The Analytics for Climate Transition solution helps investors construct climate resilient portfolios over a multi-year time-frame, the firm said.
This is aimed at limiting temperature increases to 1.5 degrees Celsius above pre-industrial levels, as outlined in the Paris Agreement.
The solution is being offered to Mercer’s investment consulting clients around the world. The New York-headquartered firm, which operates in over 130 countries, manages over $304.5bn in assets for investment solutions clients.
Helga Birgden, global business leader for responsible investment, said: ‘Many investors are not yet equipped to invest in a de-carbonising economy, and some don’t know where to start.
‘Our analytics and advice will help investors transition their portfolios to take on the challenges of managing climate risk, in their endeavour to meet return objectives while staying on target for a net-zero outcome.’

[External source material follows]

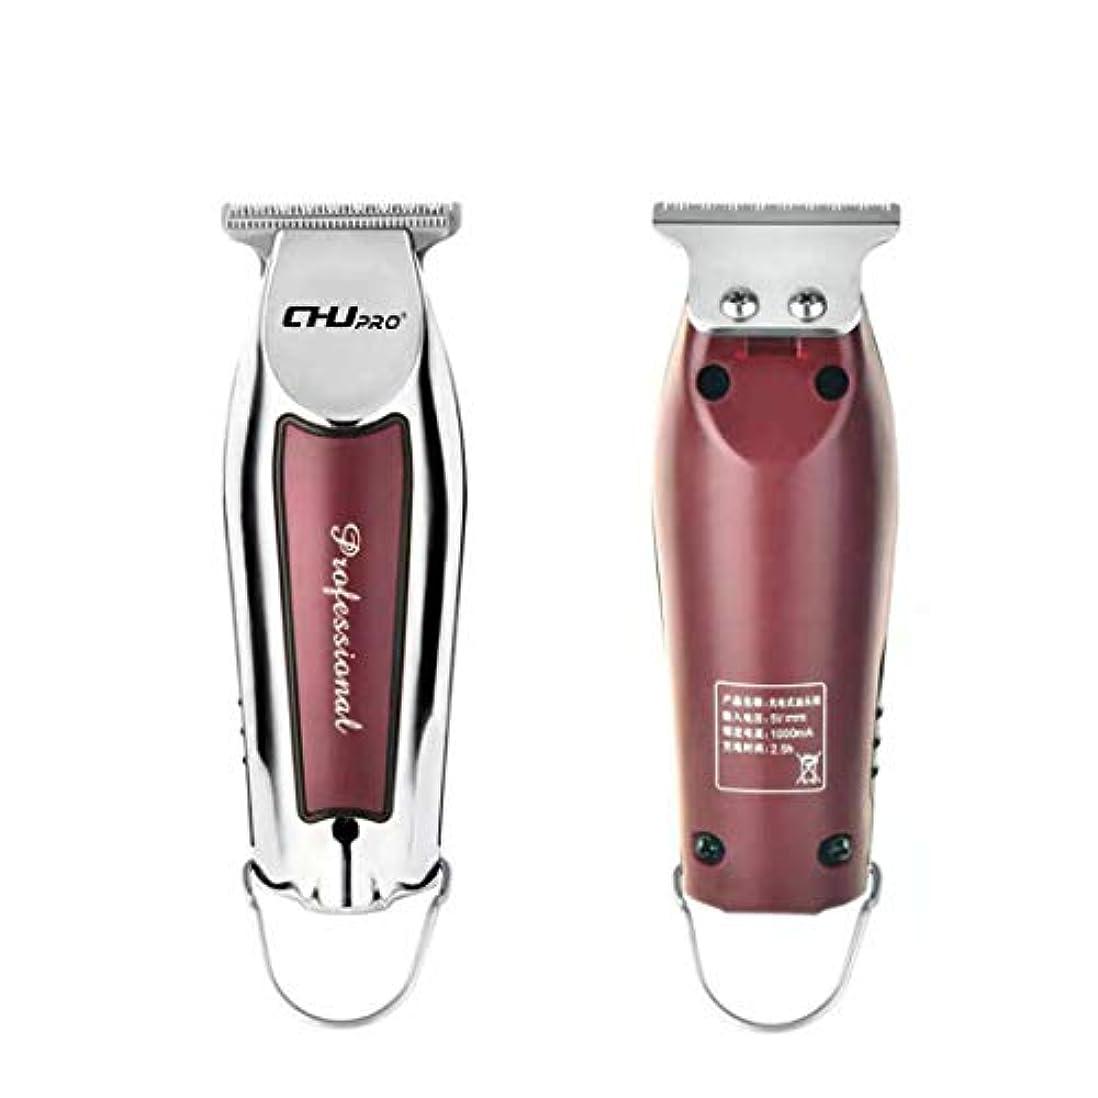 経由で圧縮勝利したMIOIM 電動シェーバー 深剃り 電動バリカン USB充電 ヘアカッター コードレス 刈り高さ調節可能 メンズ バリカンこども用 持ち運び 家庭用 業務用

Mercer said the solution uses ‘multiple data providers and metrics’ to access carbon risk, without going into specifics.
A portfolio’s investments will be ranked, with the lowest being low transition capacity or grey investments. This is followed by those have zero to low carbon risk.
Then there are green investments, that are already providing climate solutions. ‘The majority of companies in investor portfolios fall somewhere in between the two sides,’ Mercer said.
Clients can assess opportunities, set targets and construct plans via the new solution to limit risks.
Mercer’s solution is one in a growing market, as investors step up focus on ESG.
In February, MSCI has created a tool allowing users to assess their exposure to climate-related risks. This was targeted at financial institutions including banks, asset managers and insurers.
Avaloq launched an ESG solution for banks and wealth managers earlier this month.
This will help them build tailored and ESG-compliant portfolios for clients, amid increasing demand for ESG exposure, the software company said.